==== Input material ====

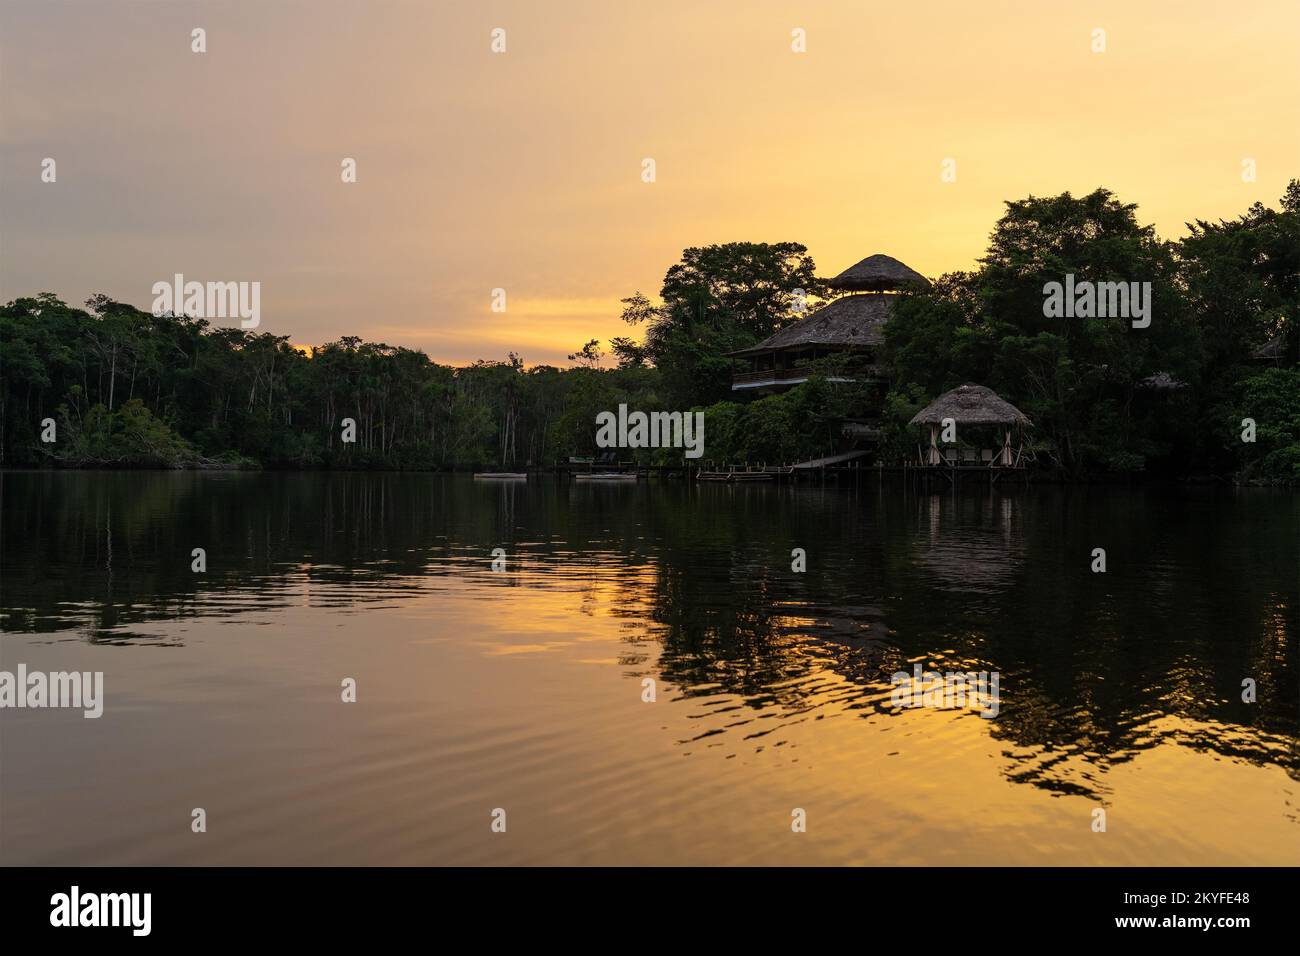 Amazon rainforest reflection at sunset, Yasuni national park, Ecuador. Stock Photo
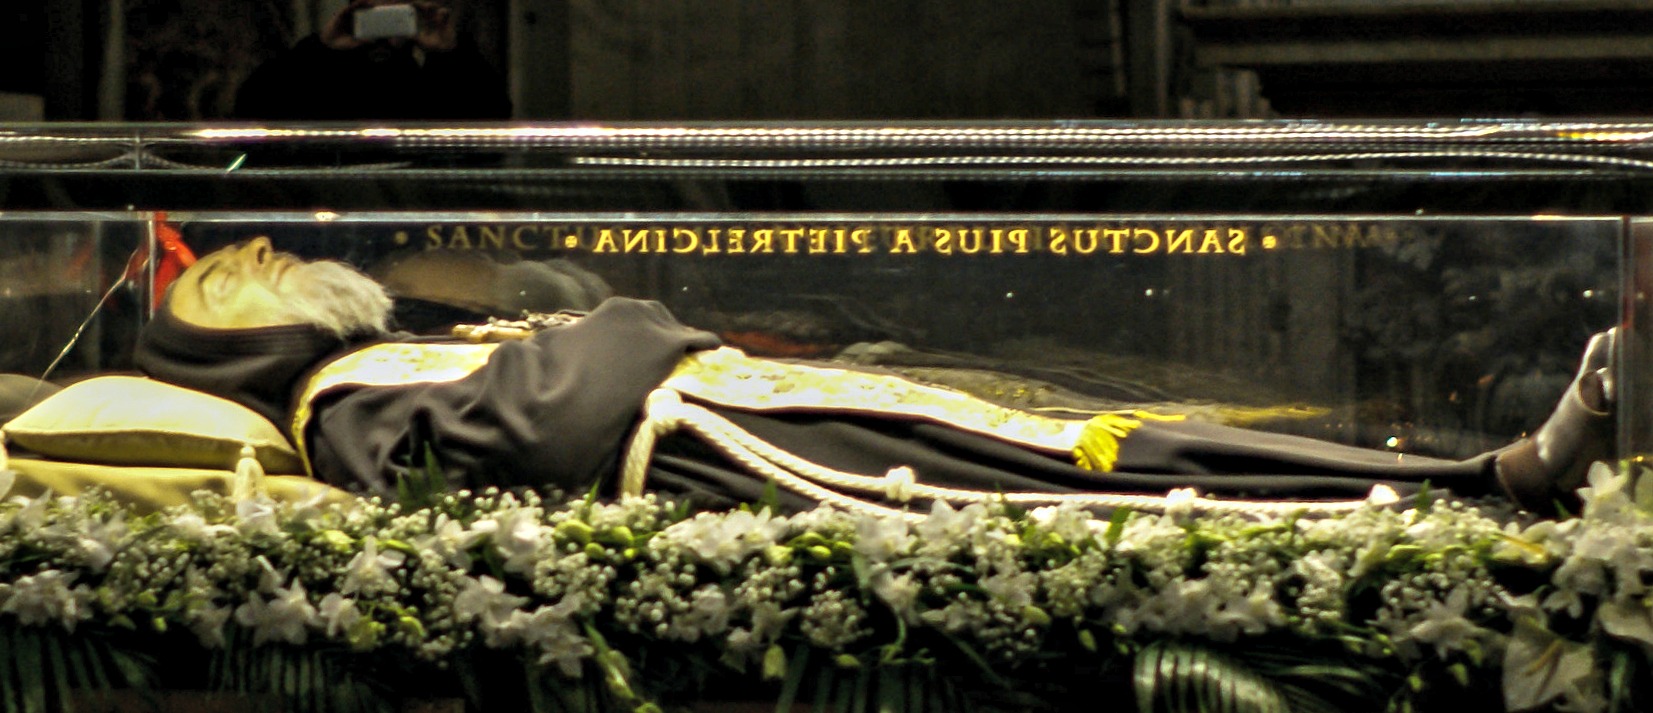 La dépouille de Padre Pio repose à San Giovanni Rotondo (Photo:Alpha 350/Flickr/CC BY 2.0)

====
==== Input material ====

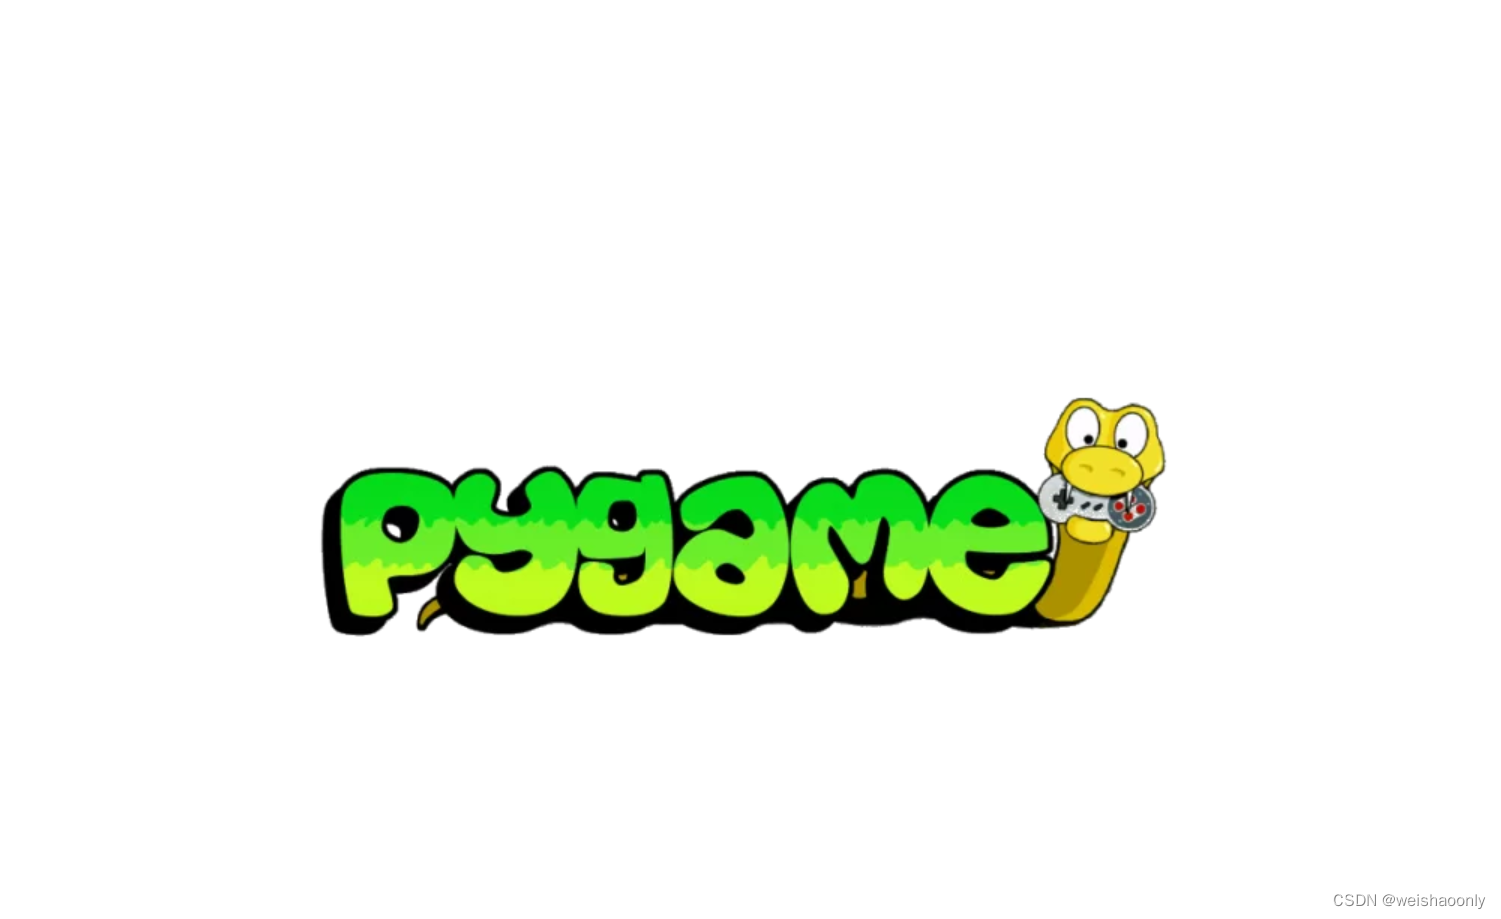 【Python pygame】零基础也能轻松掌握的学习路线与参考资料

====
==== Input material ====

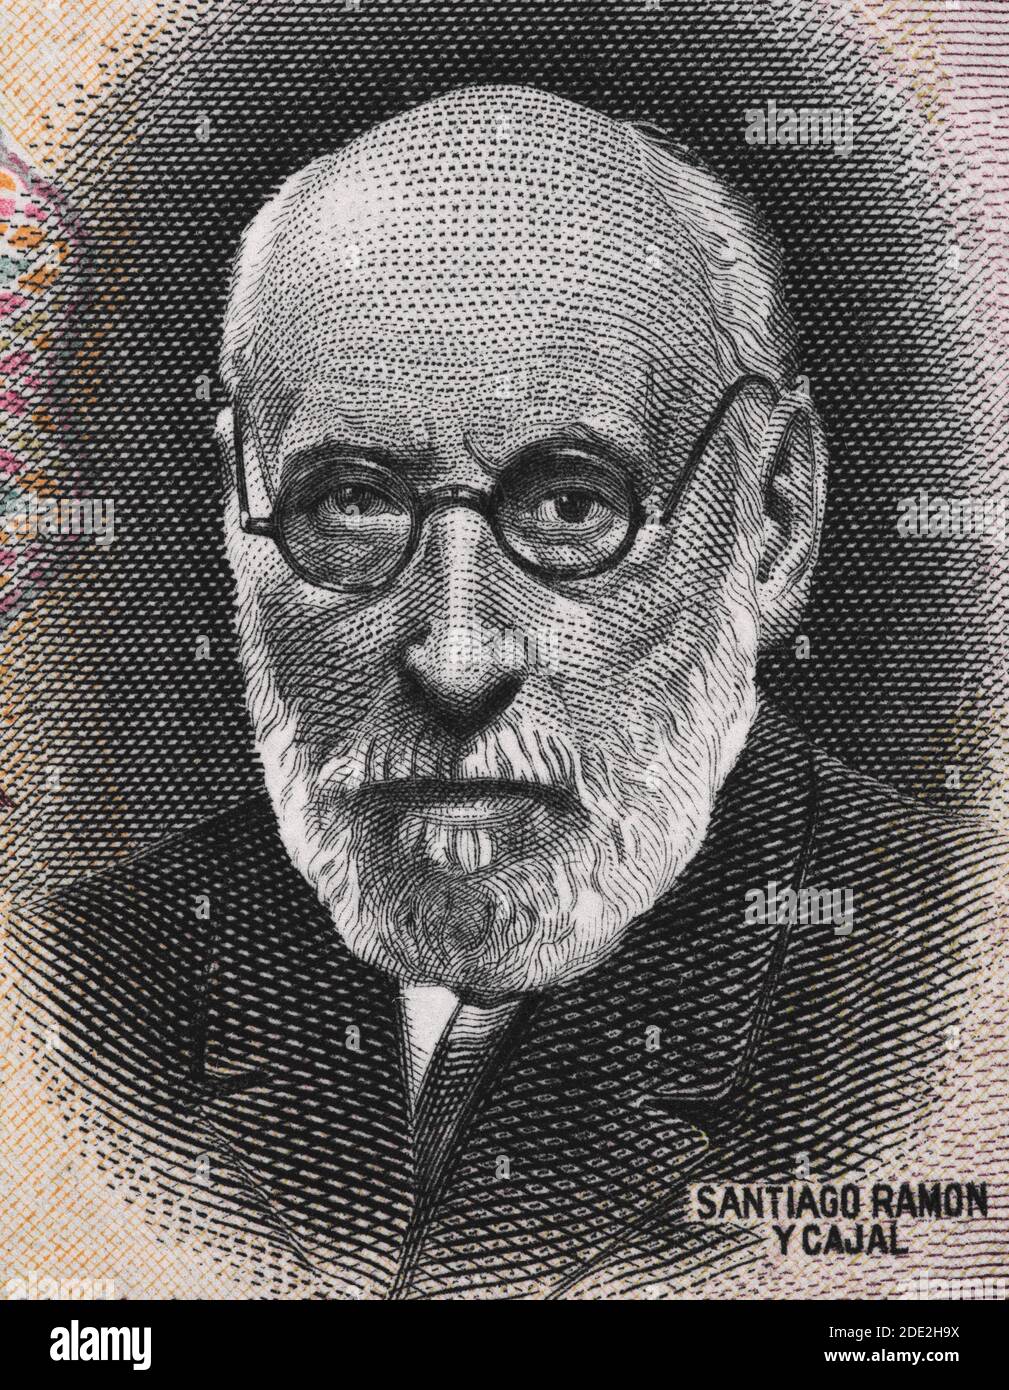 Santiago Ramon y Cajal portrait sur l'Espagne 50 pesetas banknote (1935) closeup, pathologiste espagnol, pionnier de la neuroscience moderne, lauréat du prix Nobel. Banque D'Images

====

▶ **Try it**: In the records above, find the line with "Amazon rainforest reflection" and the line with "La dépouille de"; please transcribe exactly those two lines and all lines between them, omitting any picture.

▶ **Reply**:
 Amazon rainforest reflection at sunset, Yasuni national park, Ecuador. Stock Photo
 La dépouille de Padre Pio repose à San Giovanni Rotondo (Photo:Alpha 350/Flickr/CC BY 2.0)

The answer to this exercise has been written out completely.